V are ready with the Round-Up!

by | |


Here's the round up for V

Verbascum Thapsus from Manisha Manisha sends us this weed she found on a camping trip on a cold day. Known as common mullein or great mullein, this weed can grow over 7 feet tall. A wet spring can result in leaves that are as long as 20 inches.

Wikipedia says that it has been used since ancient times as a remedy for skin, throat and breathing ailments. It has long had a medicinal reputation, especially as an astringent and emollient. It contains mucilage, several saponins, coumarin and glycosides. Dioscorides recommended it for diseases of the lung and it is nowadays widely available in health and herbal stores. Non-medical uses have included dyeing and making torches.

Vicia satvia from Shilpa
Shilpa found these growing on the sidewalk outside her home. Common vetch, as Vicia sativa is commonly called, is a weed that grows on roadsides and fields. It is a small plant with attractive purple-pink flowers from the pea family. The leaves are a lovely shade of green growing on stems that taper off into tendrils. The flowers bloom from April to August and are very attractive to bees and butterflies.

Vinca from Priya
Vinca, commonly known as Periwinkle or Madagascar Periwinkle is an ornamental plant. Vinca is a Latin word meaning "to bind". These flowers are annuals and their flowering time is from June to September. They love the sun and are drought resistant. The foliage is evergreen and glossy. They are ideal for borders and as container plants. The commonly found colors are white, pink, lavender and red. They are native to North America, China and India. Vinca has medicinal uses too and are used for lowering blood pressure and sugar levels.

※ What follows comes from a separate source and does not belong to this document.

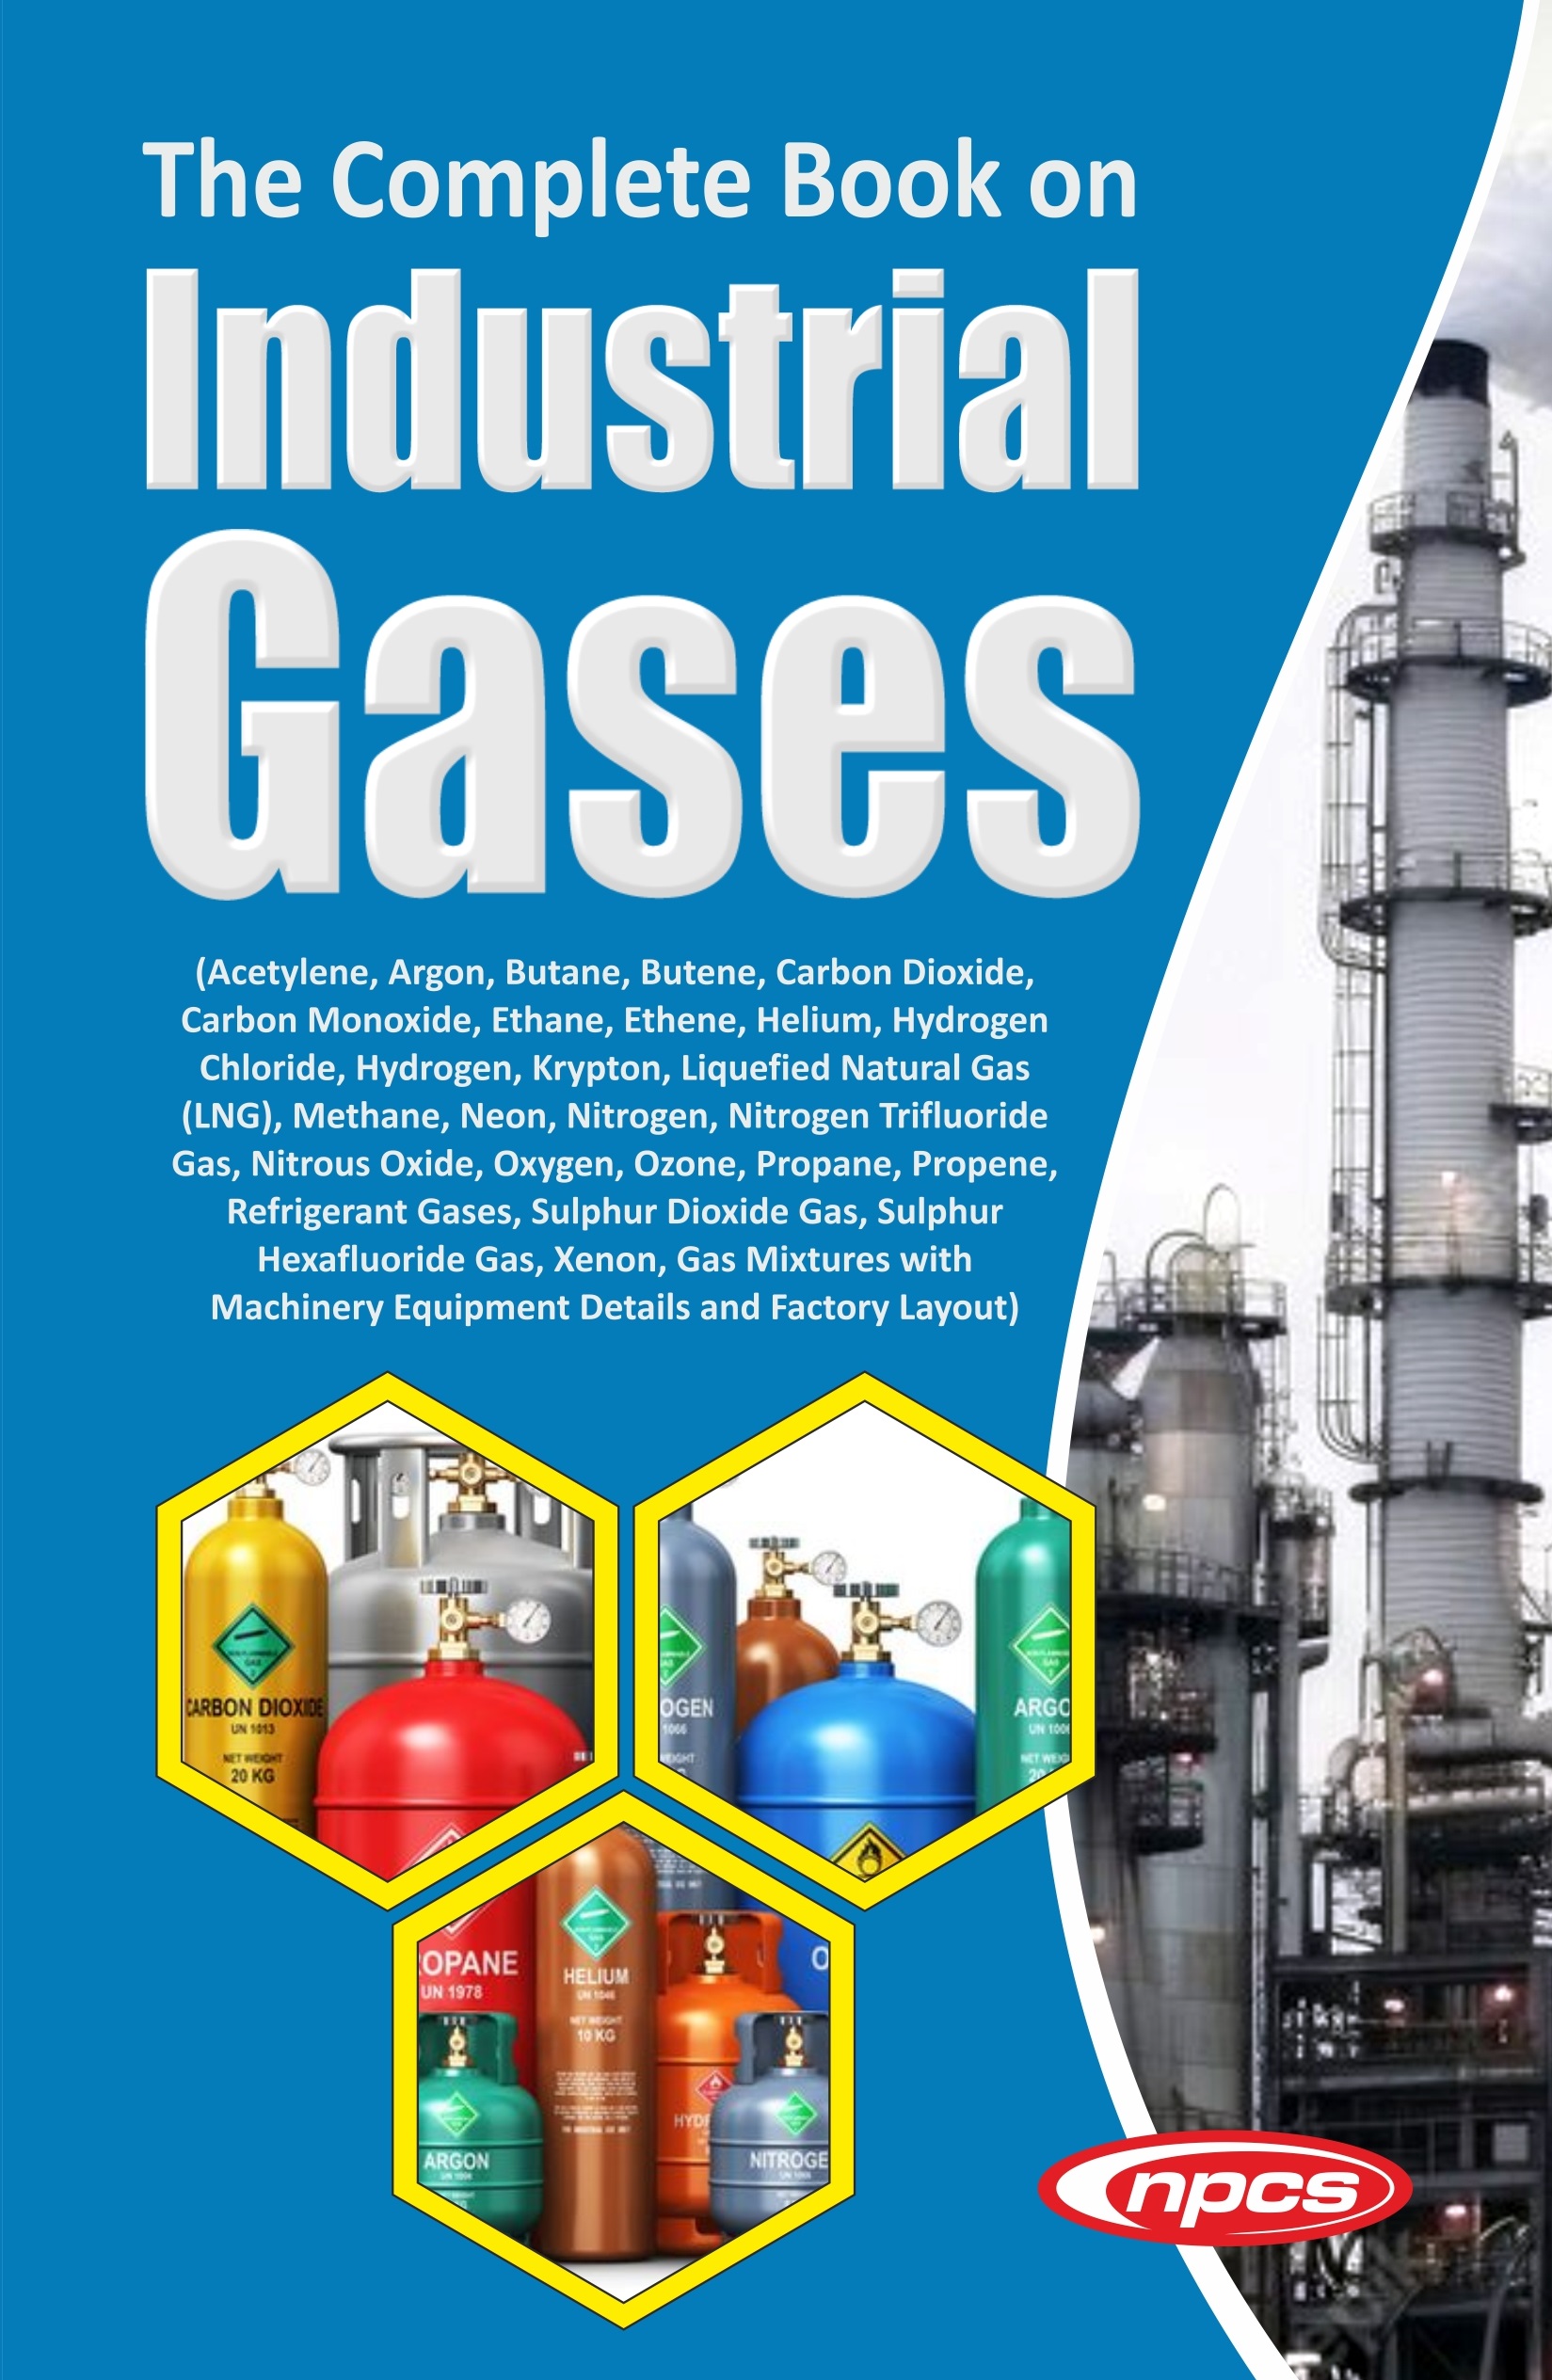 The Complete Book on Industrial Gases (Acetylene, Argon, Butane, Butene, Carbon Dioxide, Carbon Monoxide, Ethane, Ethene, Helium, Hydrogen Chloride, Hydrogen, Krypton, Liquefied Natural Gas (LNG), Methane, Neon, Nitrogen, Nitrogen Trifluoride Gas, Nitrous Oxide, Oxygen, Ozone, Propane, Propene, Refrigerant Gases, Sulphur Dioxide Gas, Sulphur Hexafluoride Gas, Xenon, Gas Mixtures with Machinery Equipment Details and Factory Layout)

Vinca Minor from Mythreyee
We have another picture of Vinca sent in by Mythreyee. She says, "This is a picture of a Periwinkle, popularly called Vinca Minor. I found these pretty flowers in my Apartment Complex."

Viola by Sree Sree sends this oil painiting of Viola. Violets or Viola from the Violaceae family also come in shades of cream, yellow or mix of blue and yellow.Some are sweet scented and others have a substance that can desensitize the nasal receptors. They grow well in wet and shaded regions and are common in the Northern Hemisphere. Some of these are called Pansies.

Violets by Mamatha

Mamatha, a first time participant at Flower Fest, sends us two pictures of Violets that she found in the Smoky Mountains. The first picture is that of a Sweet White Violet and the second one is called Canada Violet.

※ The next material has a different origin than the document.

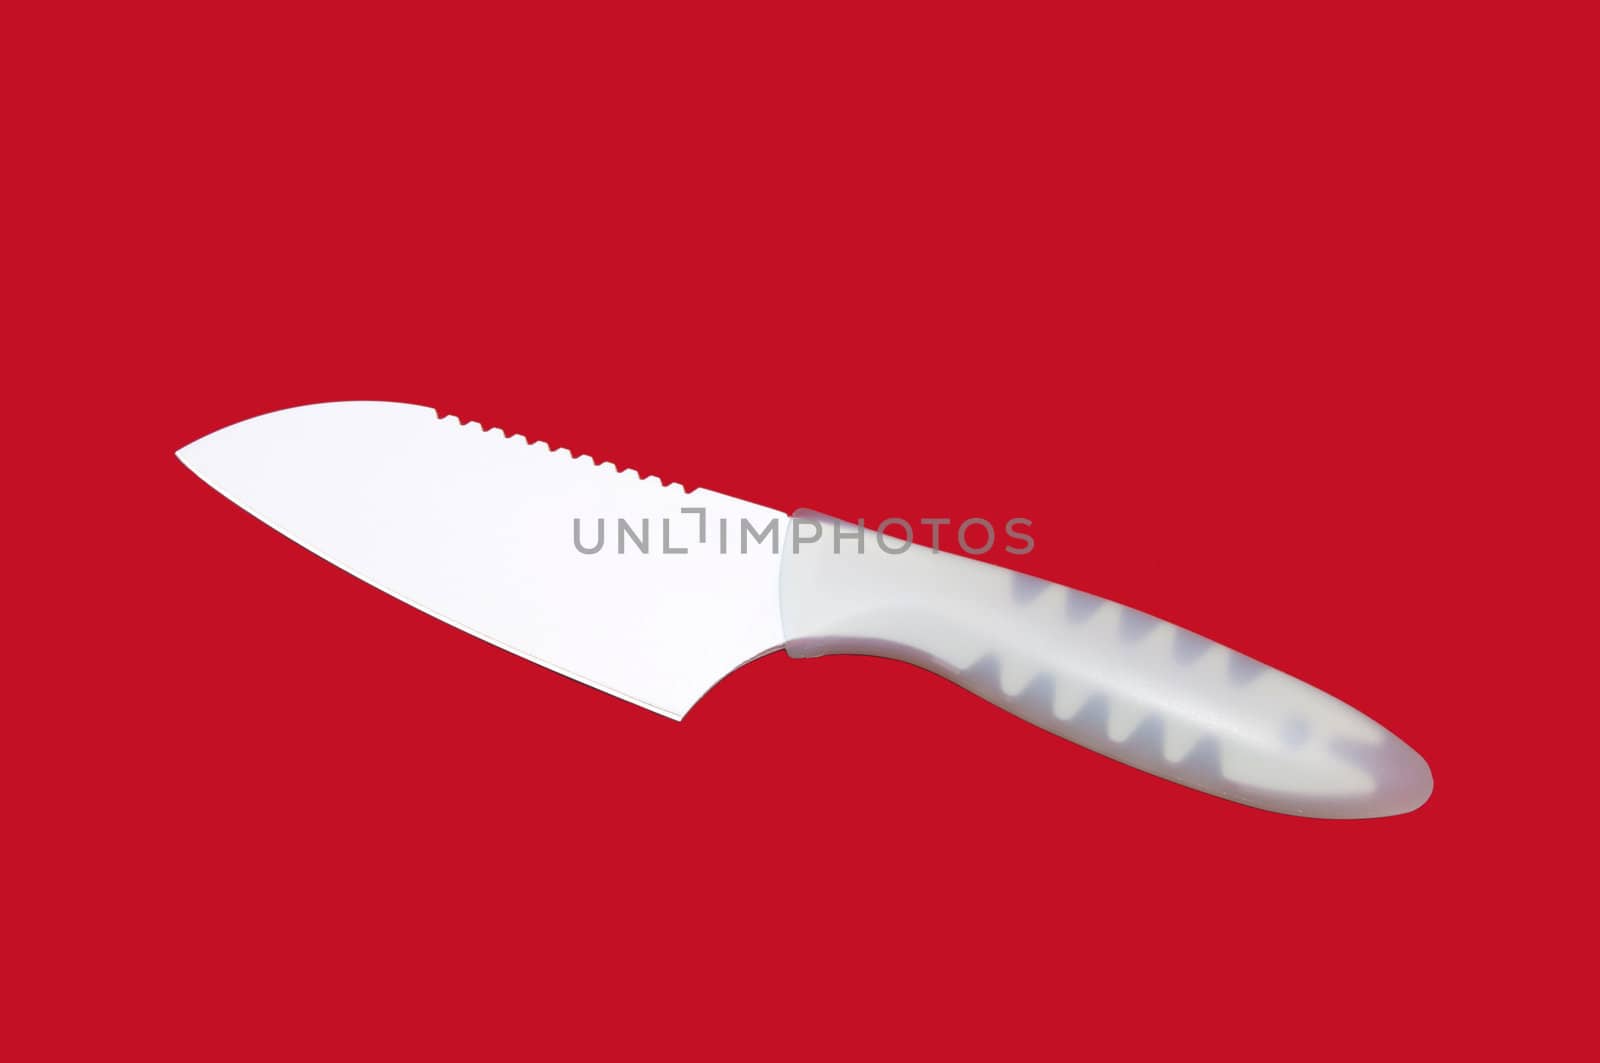 butcher knife with a ceramic coating on a red background

Thanks, Shilpa, for wonderful round-up!


Shilpa - Good round-up.

Jai and Bee and Manisha - Your entries are fascinating - such unusual flowers.

Shilpa - That pink in your Vicia is very eye-catching.

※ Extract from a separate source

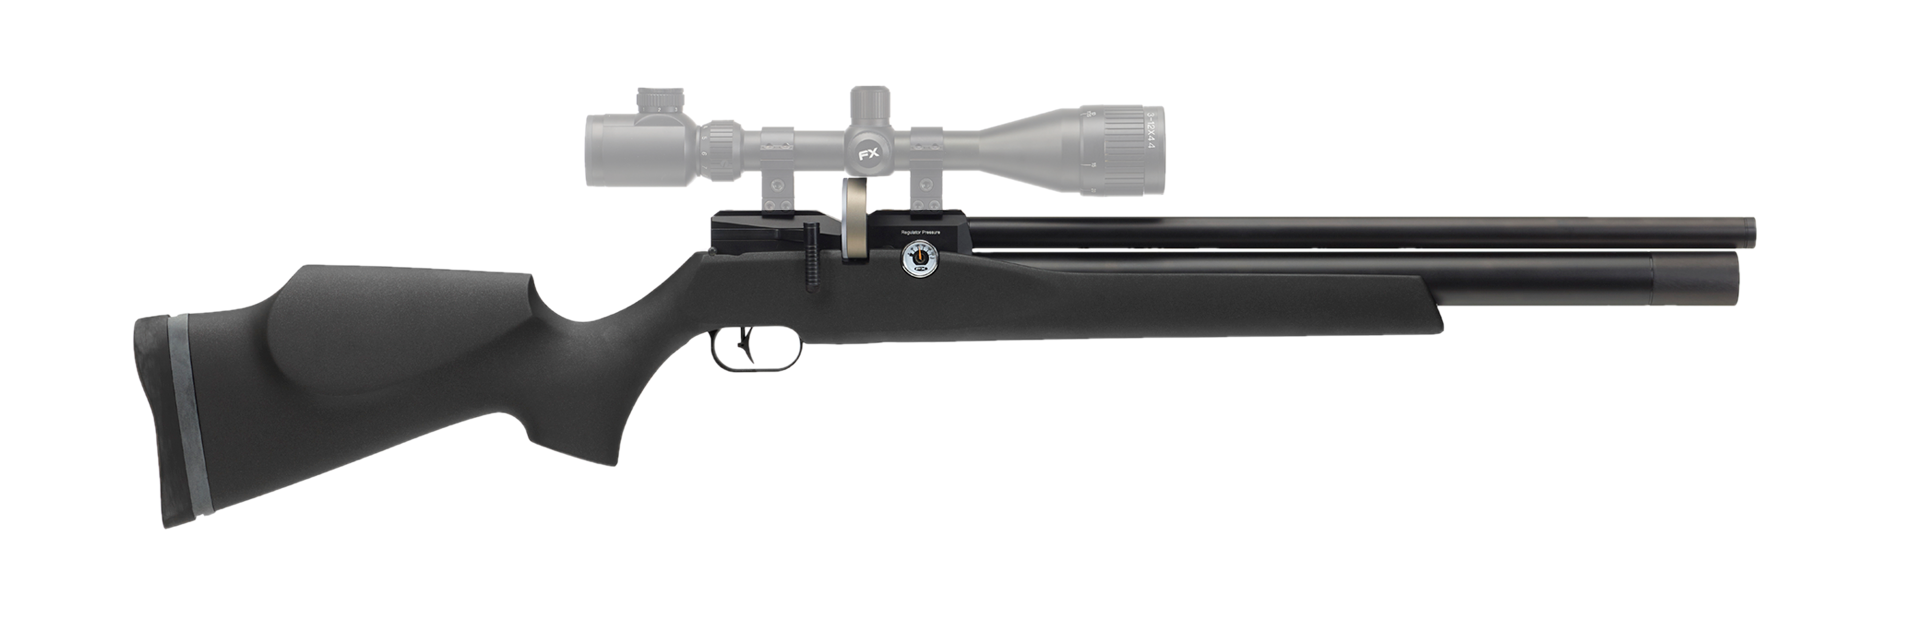 Fx Dreamline Classic Synthetic Airguns Europe 4386

Mythreyee - We shared the same flower for this round and your photograph is lovely with streaks of light thrown in.

Shree - Beautiful colors and foliage.


Manisha and N&M, thanks. I had fun doing it.


Nice round up. I sent 2 entries for V, looks like you didn't get them.



Hi Mamatha, no, we have not received your mail, I just checked. Which mail id did you send it to? flowerfestival@gmail.com is the id. Please resend it and I will include your entries :)


Hi Shilpa,
Thats the email id I sent my entries to - it probably went to your spam folder. Have sent it again. Thanks.


Mamatha, got your mail and your pictures are updated! Thanks!


thanks shilpa for another roundup of great pix/paintings.


Mamatha, you did it! Congrats!! Now it's just a matter of time before you start your own blog. ;-) And, those violets look very dainty!

Ana Aman

I don't think the first picture is a Venus Dionaea. The venus looks like this.


Ana Aman, that's a very pretty Venus Fly Trap you have there! It would have made a wonderful entry for V.

We tried to ID the flower and could not find a Venus Fly Trap or a mutation that looked similar. We have since removed that entry. Thank you for being so diligent and bringing it to our notice.


Thanks Manisha for bringing to our attention the error regarding the Venus Fly Trap. We have also removed the pic from our blog until I find out the real name. It is another carnivorous plant and by toutatis I'll bait it to appear!

Apologies to readers who were misled. But now, thanks to Ana Aman, the real VFT has surfaced in the Flower fest.